Iran's refusal to abandon its nuclear activities has resulted in resolutions adopted by the UN Security Council in 2010, as well as additional unilateral sanctions approved by the U.S. Congress and the foreign ministers of all EU countries, which were primarily directed against the banking, financial and energy sectors of Iran.

Restrictions imposed by the EU include the ban on the sale of equipment, technologies and services to Iran's energy sector which is a major source of revenue for the Iranian regime; the same measure refers to the refining industry.

Further, Dadkhah believes, Iran has to have amicable relationship with other oil producers of the region such as Saudi Arabia, Kuwait, and Iraq.

"Even if all these conditions are met, still price of oil will be determined in established markets of New York and London not in Kish. But for Mr. Ahmadinejad and the Iranian government, appearances and propaganda are everything," he told.

According to Dadkhah, the exchange also will provide the opportunities for cronies of the Iranian power elite and friendly companies to act as middlemen and reap substantial profits.

"As was illustrated in the first day of trading, there is no way that anyone would pay for oil more than the international price," he told. "But as buyers' arguments showed, there are many reasons to ask for substantial discounts from the Oil Ministry. Furthermore, there are many ways to refund the buyers under different pretexts and under the table."

Dadkhah noted that Iranians would have been better off if the government tackled real economic problems including inflation, unemployment, and international sanctions.

"It is likely that in the future the government intervenes and makes the sales possible.

"Nevertheless, the whole enterprise of the Kish Oil Exchange is a sham. The government has two objectives: propaganda, and finding an outlet to reward friends and cronies," he concluded.

The Iranian Oil Exchange establishing euro and dirham (ADE) based pricing of oil opened on February 2008. Iran inaugurated the new phase of oil exchange with vast opportunities for foreign companies in 2010.

The Kish Exchange has traded oil-derived products until Iran included cruel oil and fuel oil on OIB product selling list.

Iran began offering fuel oil contracts on the oil exchange in April.

On June 1, Iran commenced the first oil exchange when by offering 35,000 tons of oil liquids, whilst the trading session failed due to price disagreements. The Bandar Abbas Oil Refining Company (BAORCO) put 35,000 tons of oil liquids at the price of $623.35 per ton.
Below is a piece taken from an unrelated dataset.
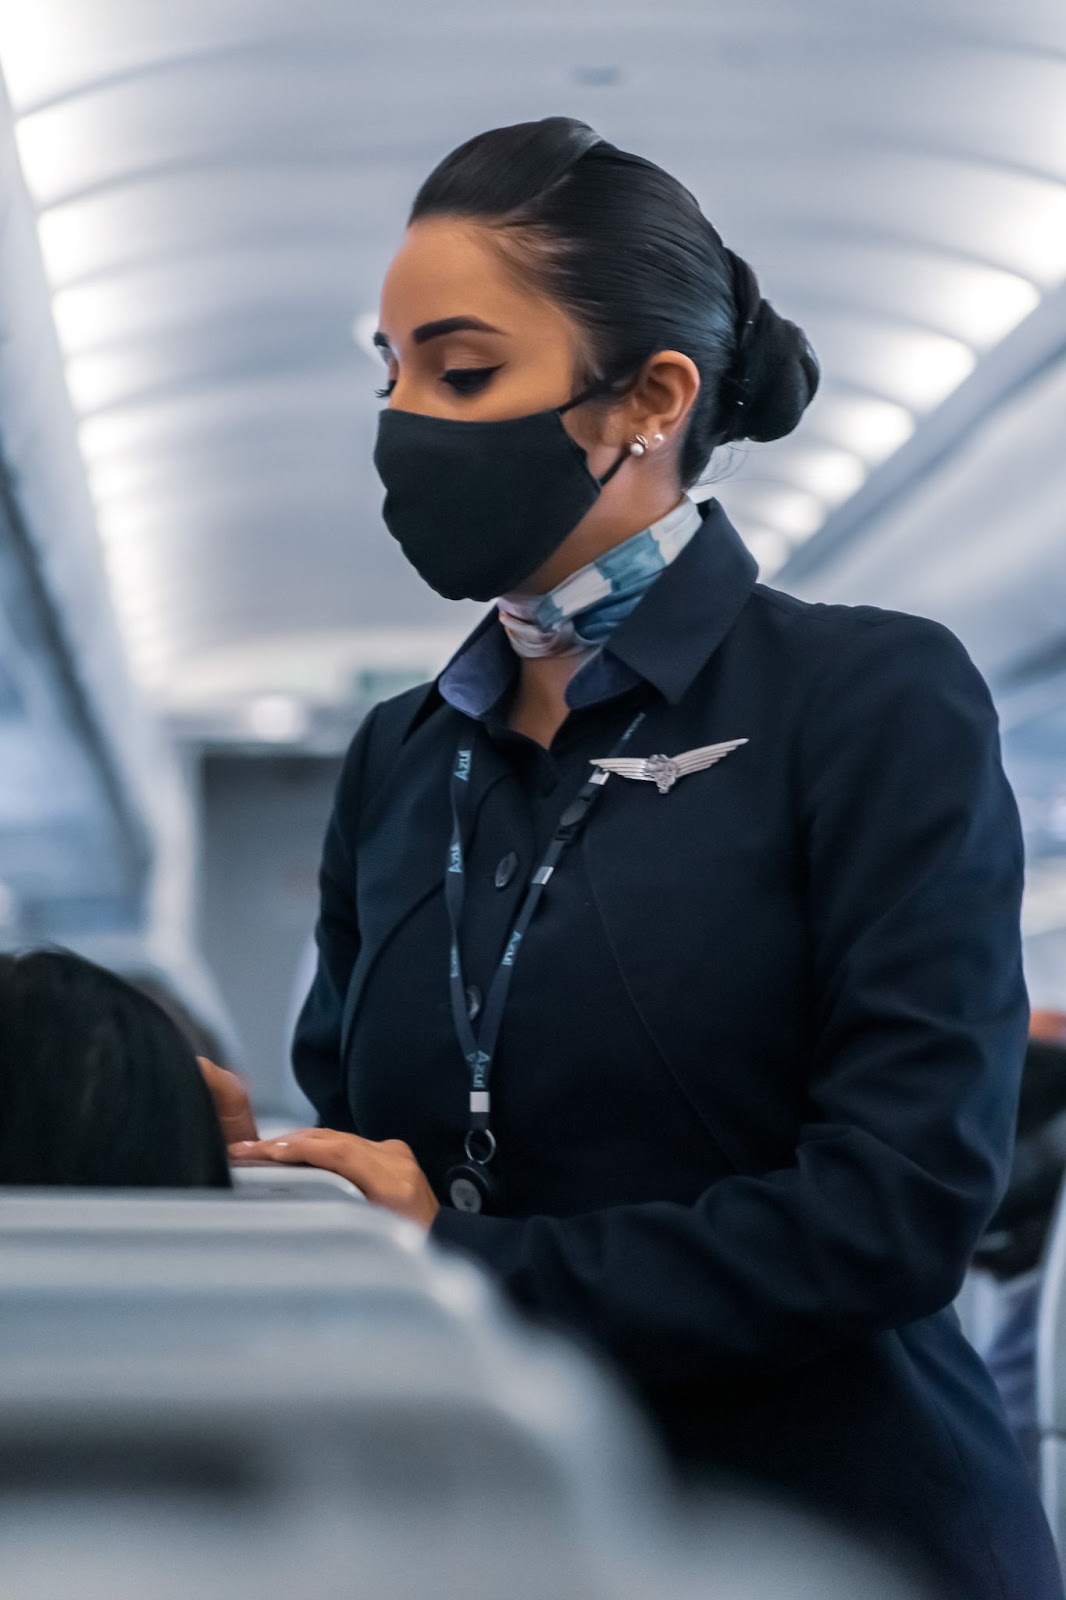 Understanding the Flight Attendant Lifestyle

The customer's price offer from $610 to $622.85 was rejected.

Later, on June 8, despite having two demanding customers Iran's second furnace fuel oil cargo at $644.58 per ton failed to trade at Kish Island.

Two customers expressed readiness to buy 70,000 ton fuel oil from Bandar Abbas oil refinery. However it did not sell as one of the applicants offered $640.58 while the other costumer offered $636.

On June 14, Iran's third attempt to sell furnace fuel oil cargo was a success on international oil exchange. The Iranian oil exchange could sell oil batch in the third attempt thanks to agreement of a seller - BAORCO - to reduce prices.